▸ About this task: Filter the data below, keeping only lines that contain "Sale".

[Stored dataset items]
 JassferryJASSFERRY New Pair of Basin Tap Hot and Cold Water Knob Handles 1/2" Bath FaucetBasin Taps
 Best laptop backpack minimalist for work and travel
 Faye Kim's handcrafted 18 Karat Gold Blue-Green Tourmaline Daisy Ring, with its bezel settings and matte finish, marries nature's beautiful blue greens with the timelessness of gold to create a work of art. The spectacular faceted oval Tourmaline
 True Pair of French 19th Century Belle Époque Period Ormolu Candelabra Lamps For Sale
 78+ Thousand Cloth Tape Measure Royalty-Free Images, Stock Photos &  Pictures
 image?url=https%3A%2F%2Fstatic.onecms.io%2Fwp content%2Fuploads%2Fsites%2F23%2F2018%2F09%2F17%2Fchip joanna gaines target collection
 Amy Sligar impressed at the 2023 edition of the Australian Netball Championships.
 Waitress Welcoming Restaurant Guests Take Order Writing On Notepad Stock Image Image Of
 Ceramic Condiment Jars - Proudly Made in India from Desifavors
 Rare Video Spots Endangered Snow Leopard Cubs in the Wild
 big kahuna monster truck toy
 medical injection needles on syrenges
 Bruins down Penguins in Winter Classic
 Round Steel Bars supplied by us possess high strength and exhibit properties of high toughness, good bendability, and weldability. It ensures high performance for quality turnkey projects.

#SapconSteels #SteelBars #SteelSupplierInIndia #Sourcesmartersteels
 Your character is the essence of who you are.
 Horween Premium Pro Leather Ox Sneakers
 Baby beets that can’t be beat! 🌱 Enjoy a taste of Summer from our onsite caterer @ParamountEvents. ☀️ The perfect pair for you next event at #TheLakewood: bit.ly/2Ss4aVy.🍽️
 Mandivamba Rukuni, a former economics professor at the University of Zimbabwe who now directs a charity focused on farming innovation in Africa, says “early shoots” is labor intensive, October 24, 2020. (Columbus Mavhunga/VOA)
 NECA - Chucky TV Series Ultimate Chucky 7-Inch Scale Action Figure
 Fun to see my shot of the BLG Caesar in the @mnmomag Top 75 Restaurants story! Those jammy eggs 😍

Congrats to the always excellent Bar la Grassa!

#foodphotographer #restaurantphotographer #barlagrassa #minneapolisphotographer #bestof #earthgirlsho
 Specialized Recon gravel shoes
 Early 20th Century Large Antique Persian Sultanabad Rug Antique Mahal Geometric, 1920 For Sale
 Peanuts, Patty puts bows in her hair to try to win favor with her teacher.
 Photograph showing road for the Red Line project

▸ Output for this exercise:
 True Pair of French 19th Century Belle Époque Period Ormolu Candelabra Lamps For Sale
 Early 20th Century Large Antique Persian Sultanabad Rug Antique Mahal Geometric, 1920 For Sale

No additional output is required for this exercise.